__YOUR GOAL__.
An exact restatement of the data is required, with the images omitted.

__RECORDED DATA__.
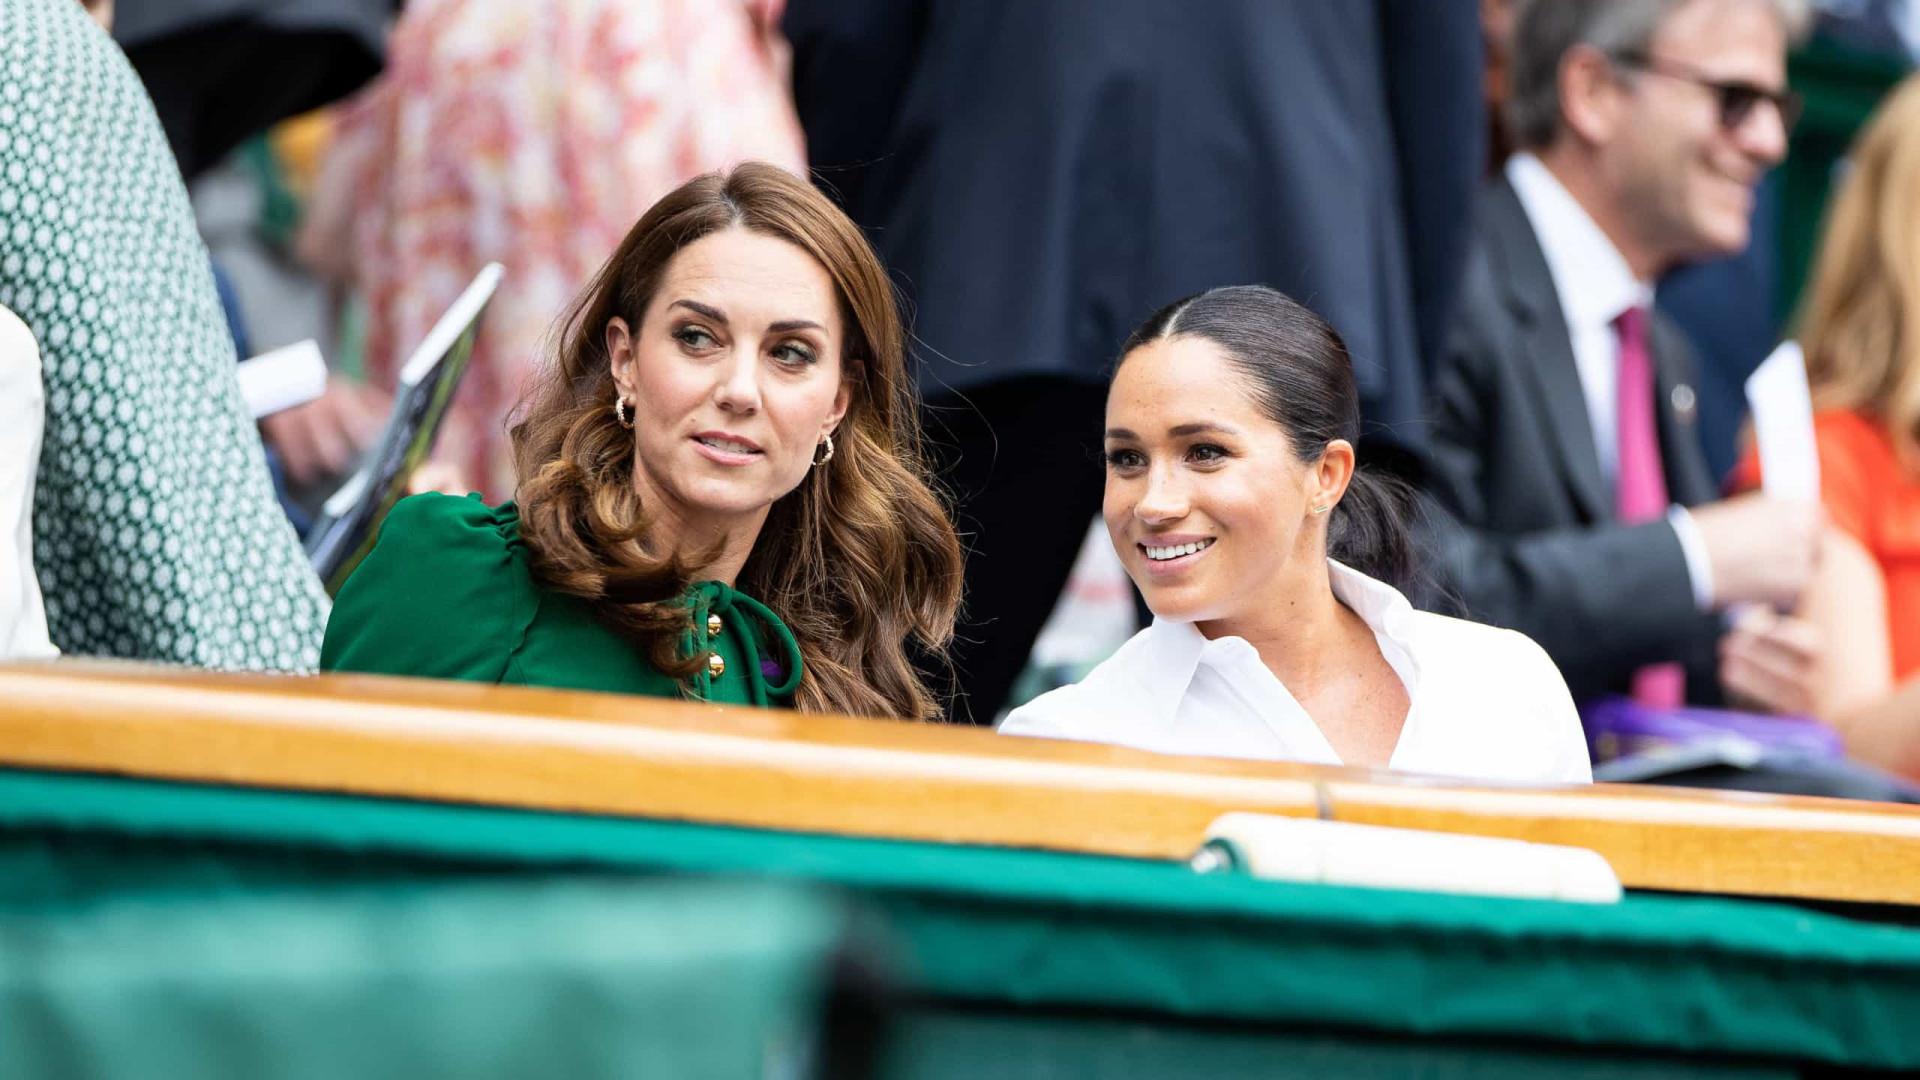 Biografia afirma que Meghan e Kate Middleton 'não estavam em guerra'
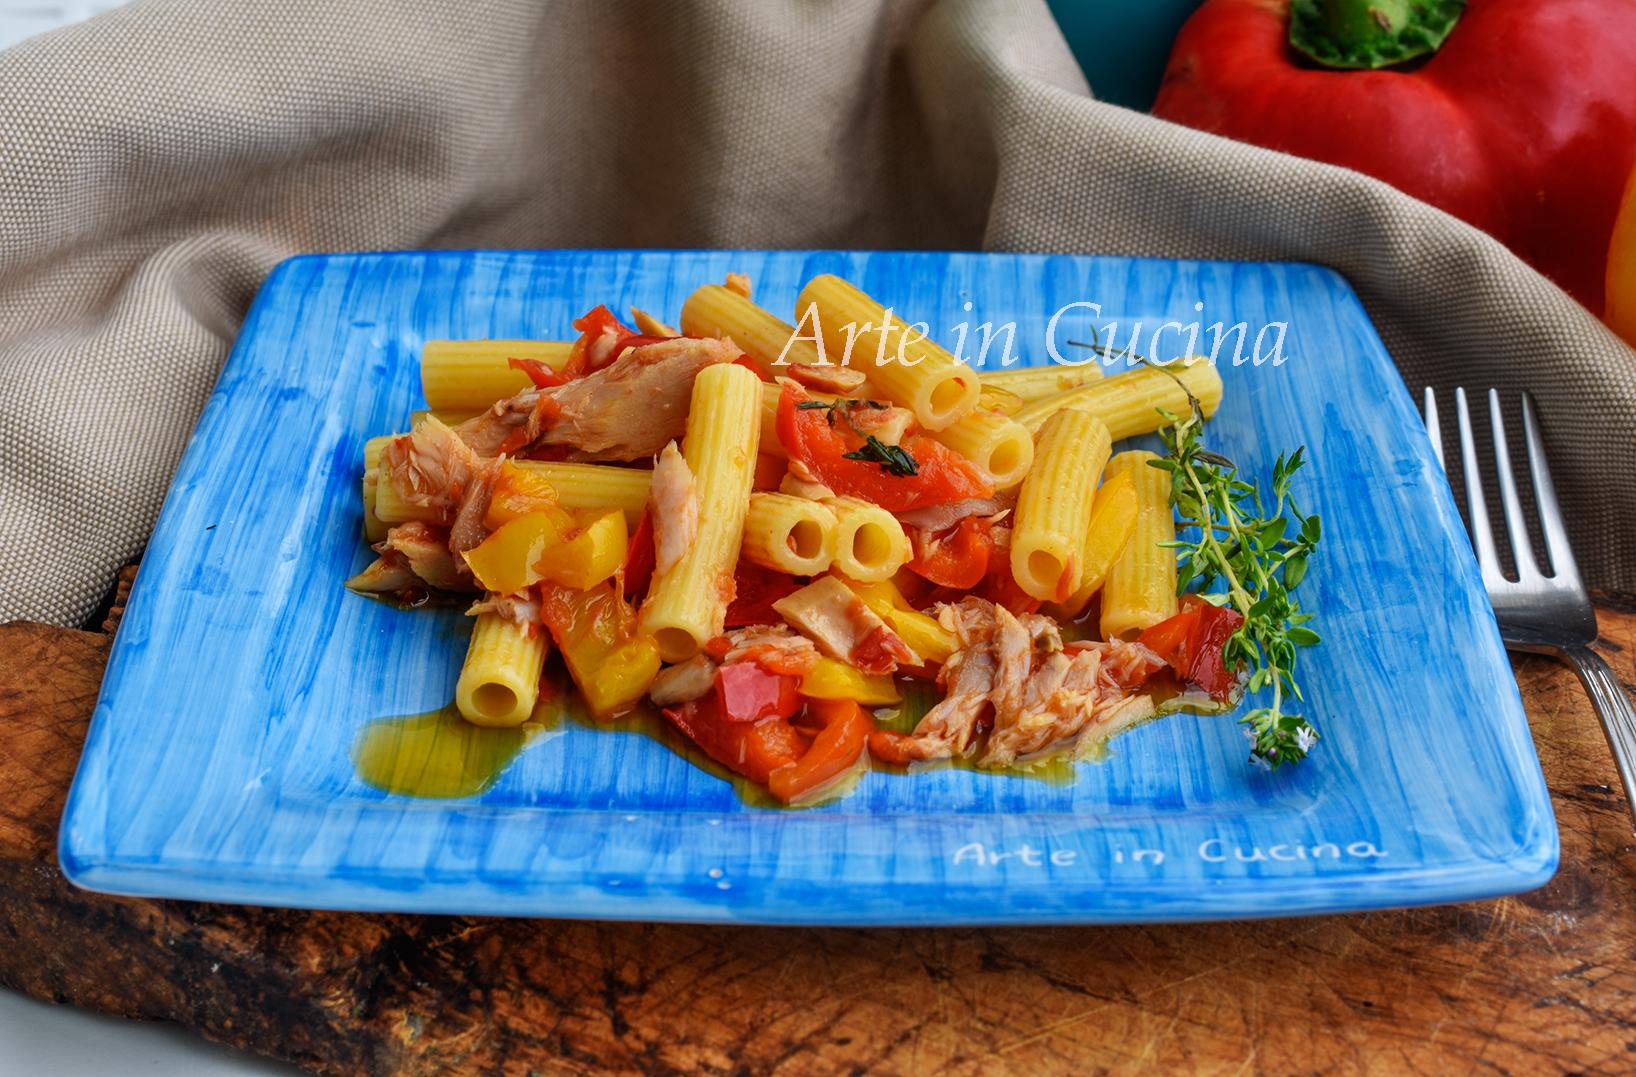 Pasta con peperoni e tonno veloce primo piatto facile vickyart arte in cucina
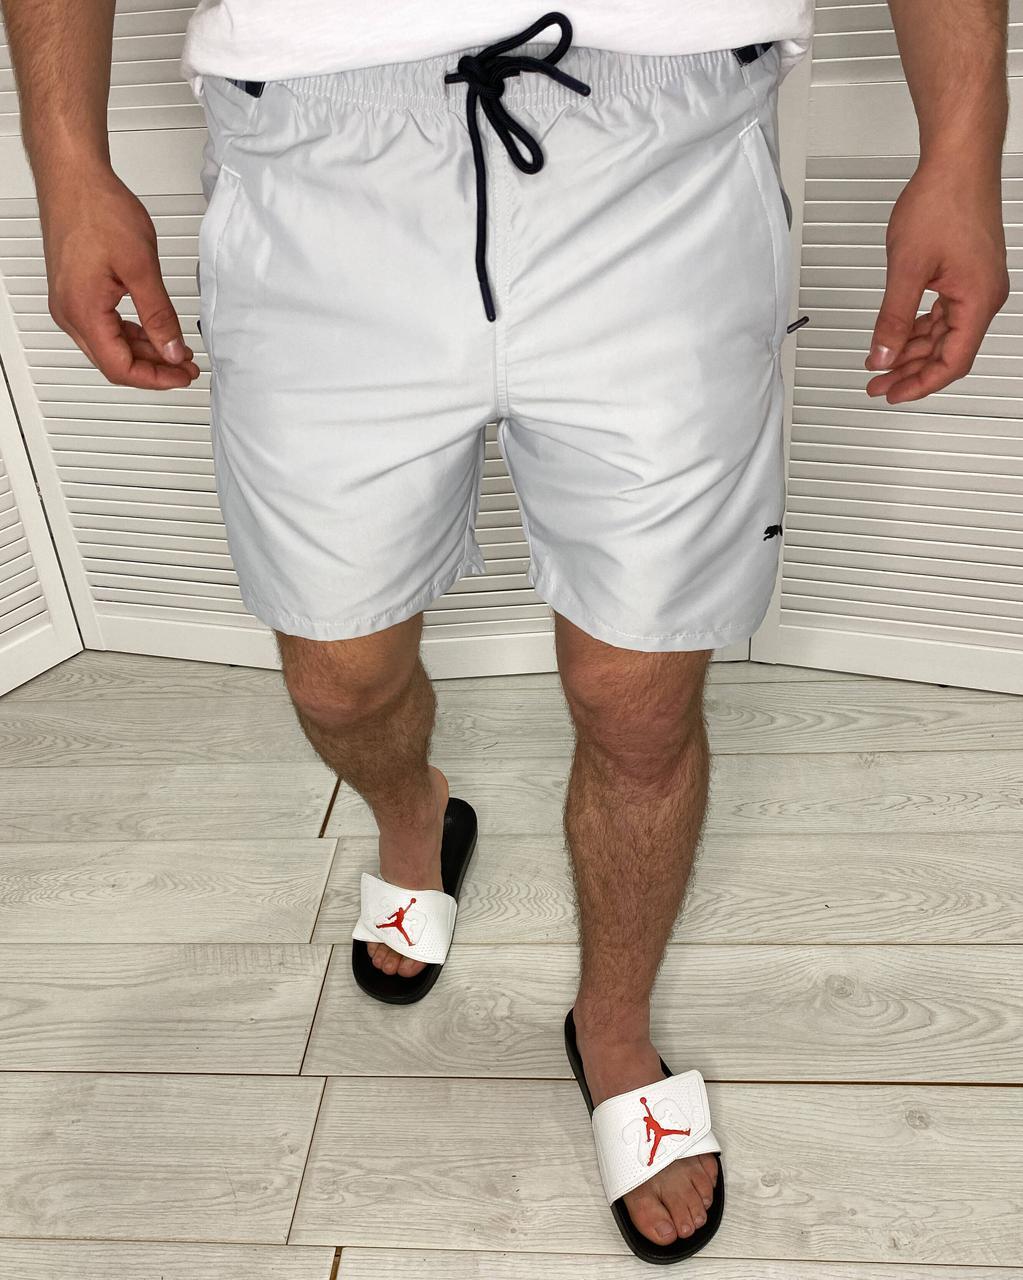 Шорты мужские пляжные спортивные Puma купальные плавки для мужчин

__EXERCISE RESPONSE__.
 Biografia afirma que Meghan e Kate Middleton 'não estavam em guerra'
 Pasta con peperoni e tonno veloce primo piatto facile vickyart arte in cucina
 Шорты мужские пляжные спортивные Puma купальные плавки для мужчин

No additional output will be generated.